In this picture above, taken from our back porch, you can see a mercury vapor light in the distance (far left). That's something we won't have. When we moved here, we had the barn lot lit with one of those but I found the security not half so pleasing as the dark. So I cut the line, added a switch and have let it turned off for ten years at least. I was never happy with the violet glow it gave to the sky nor the shadows it cast in the house. Give me a night that is dark!
In the foreground of the picture (look closely!) is the silhouette of the satellite dish (slightly left of center) which allows for something that passes for entertainment even here in the country. I wouldn't pay for it but for the fact that my father is nearly housebound and it passes the evening hours with some enjoyment.
The satellite dish is pointing just about where the moon is in this picture, way down in the southwestern sky. It's just picking out a point 90% closer than the moon.
Walking into the front yard and standing beside our main flower bed, I looked west at the north side of the house. The sun has long set but the orange glow hasn't yet faded from the sky. Our maple, at the edge of the kitchen, spreads its limbs far and wide. It's just beginning to turn and soon there will be nothing more than thin branches overhead.
At night, Pinehaven takes on an almost-spooky look. In my two decades here, I do not remember taking a nighttime photograph of the house before.
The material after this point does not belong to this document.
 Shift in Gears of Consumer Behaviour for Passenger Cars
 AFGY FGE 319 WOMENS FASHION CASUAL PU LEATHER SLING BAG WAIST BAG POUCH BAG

Each evening we light two "candle lamps" in the front living room windows and leave them on until bedtime. Those two lower windows encompass the length of the living room, all twenty-five feet of it. When the house was built - about 1891 - there was a door where the fireplace chimney is and the living room was then two rooms.
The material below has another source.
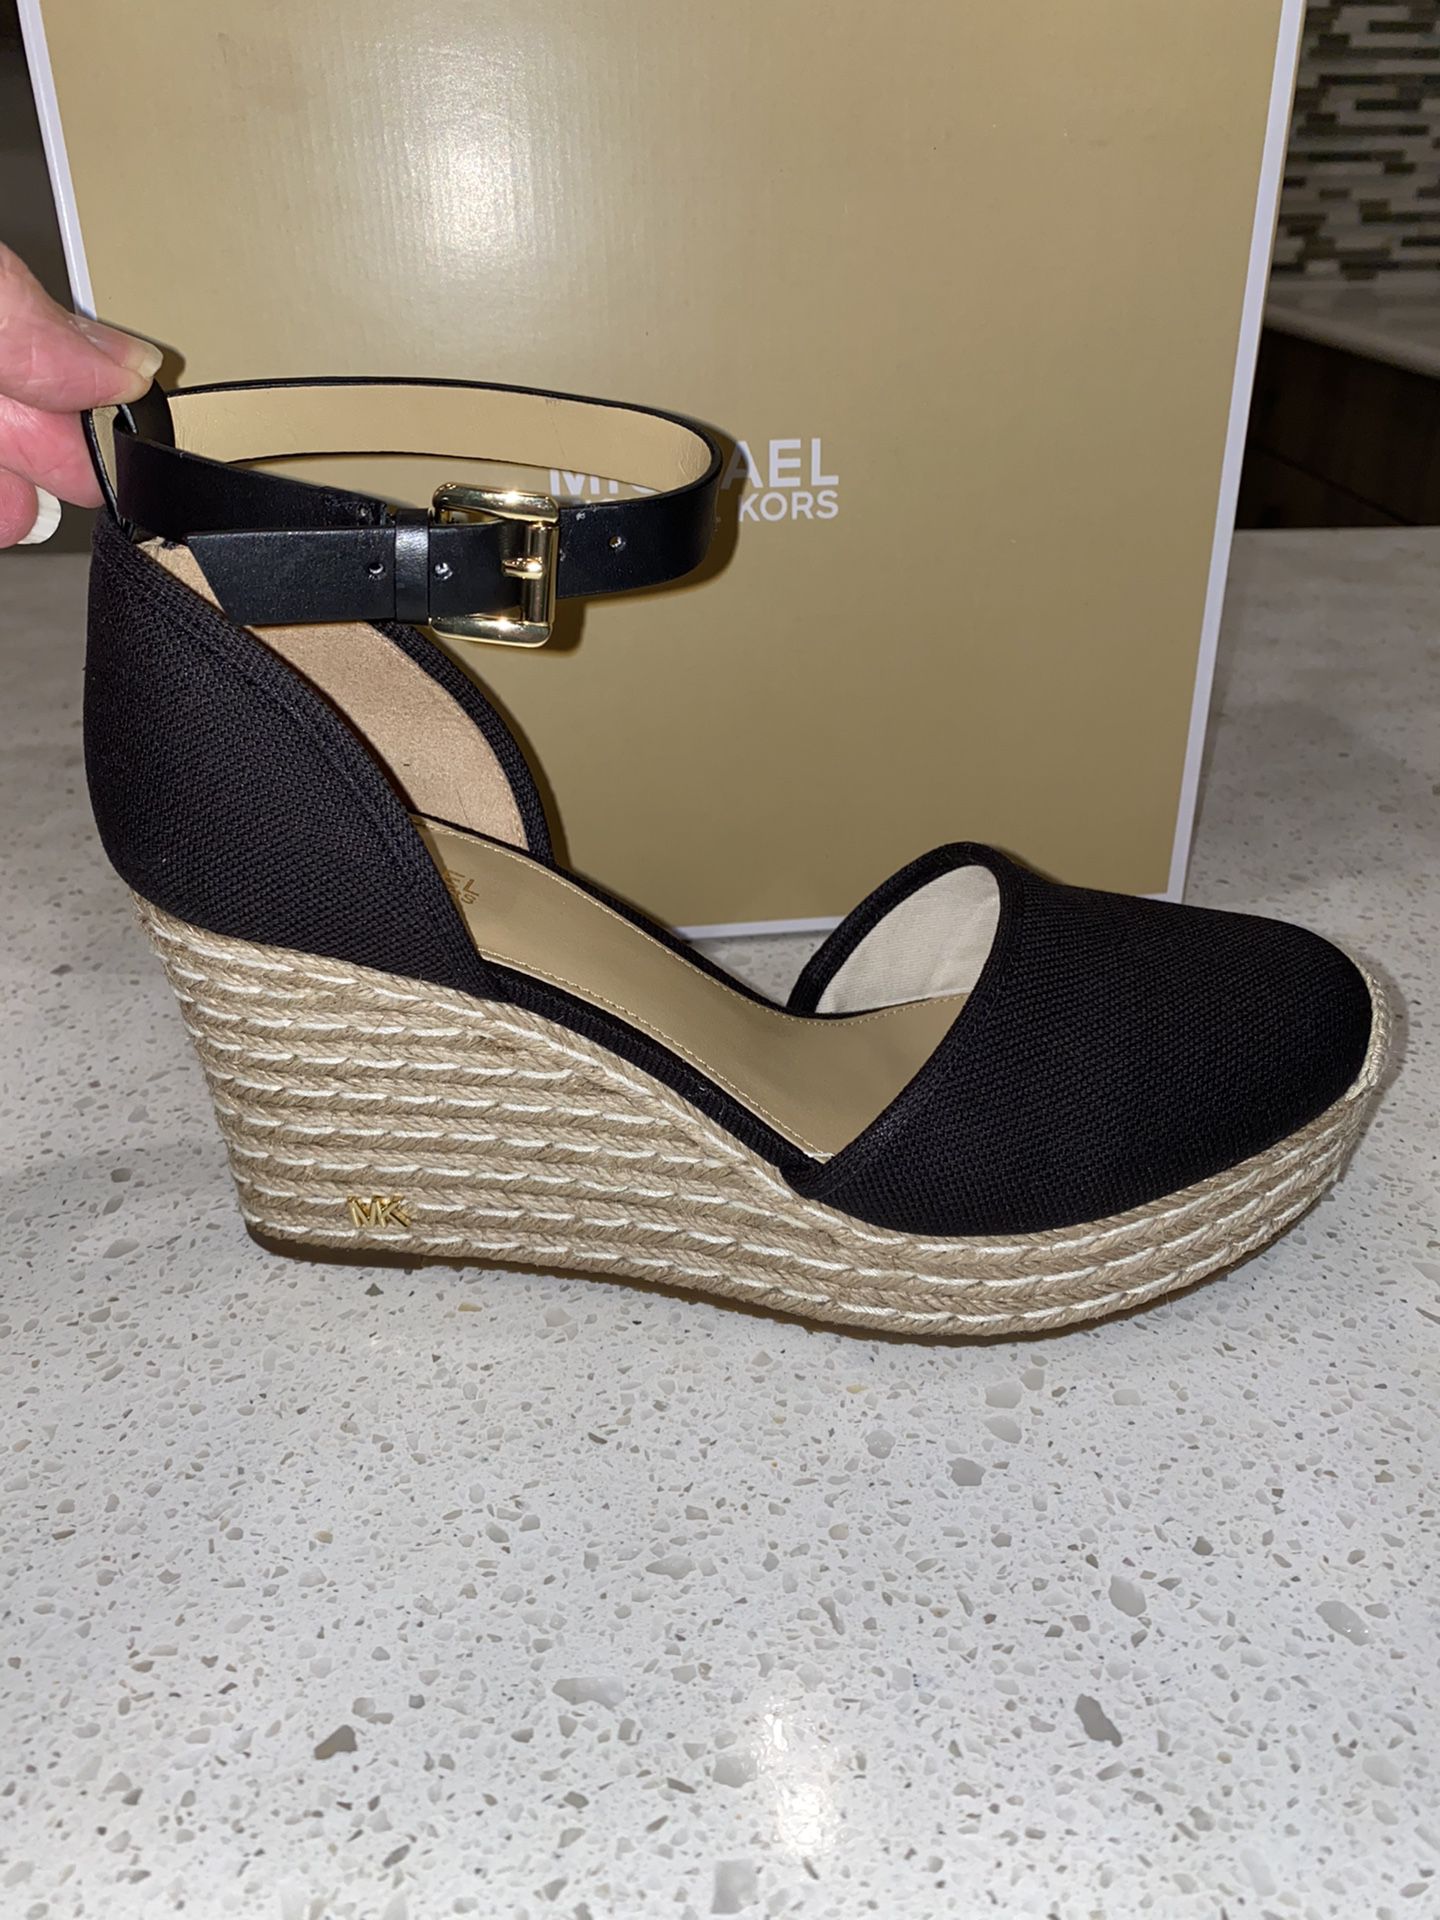 Women’s Size 8 1/2 Michael Kors Shoes

I noticed upon taking this shot that there were odd circles of light floating about the scene. Above the house, even in this reduced shot, you can see two - one on either side of the chimney. What are they? The sky was perfectly clear and I saw nothing as I stood there. Could it be insects reflected in the flash?
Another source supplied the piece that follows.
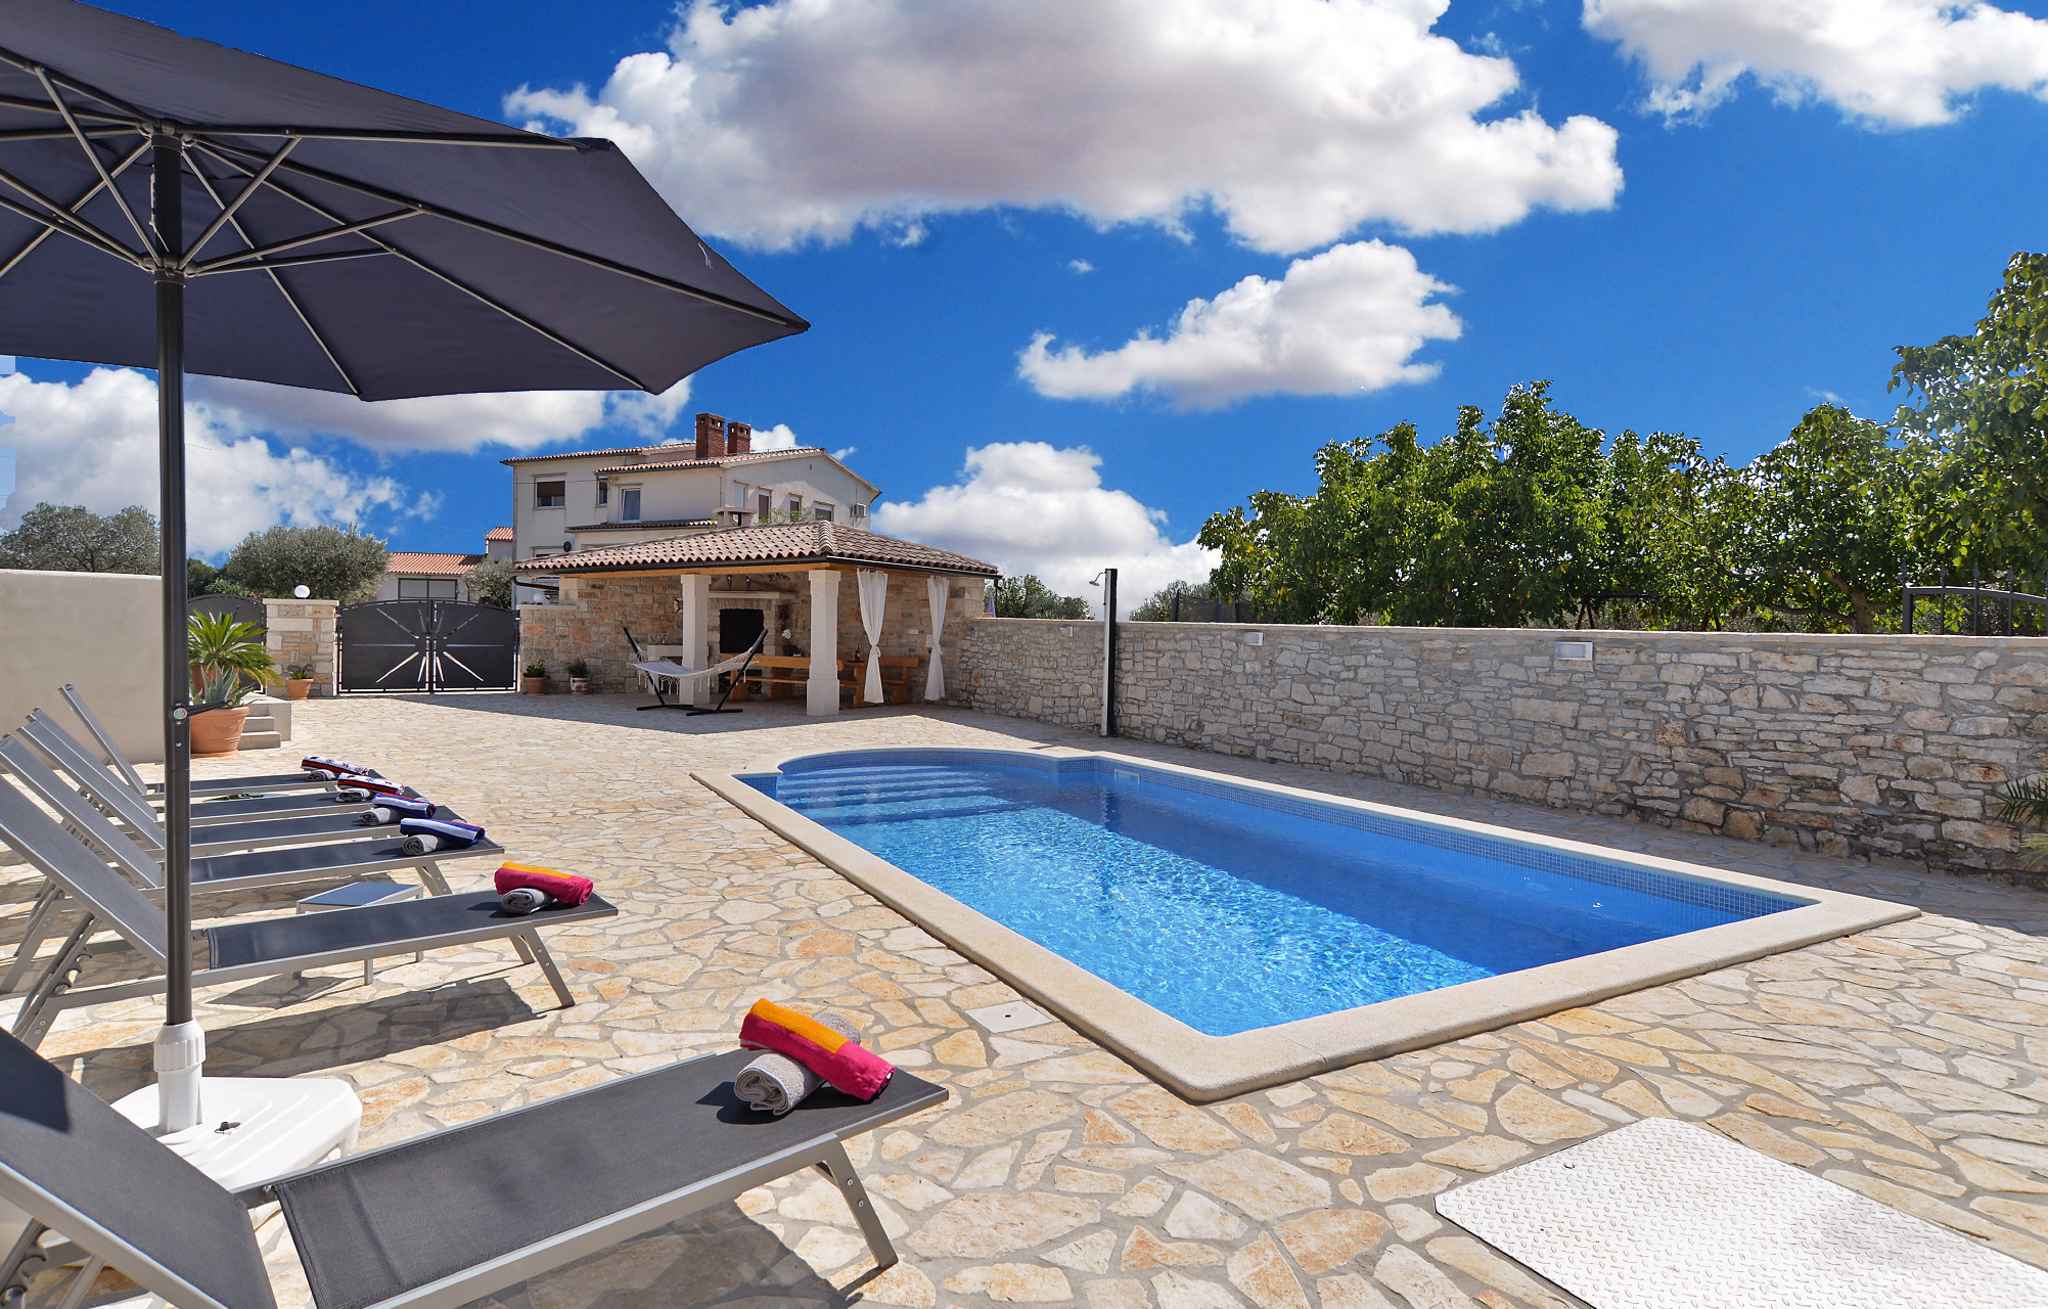 Ferienhaus mit Swimmingpool und Terrasse mit Grill  in Istrien

Here are full-resolution views of these "orbs" - the shot below show what are actually two on the right and the last gives a full-res look at the one on the left (the edge of the roof is visible in that cropped image as well):
So, what have we here? We've known the Milkman (read the book!) prowls inside the house at night but what is this above the roof?
As we approach Halloween, I suppose it's the right time to make a discovery of this sort.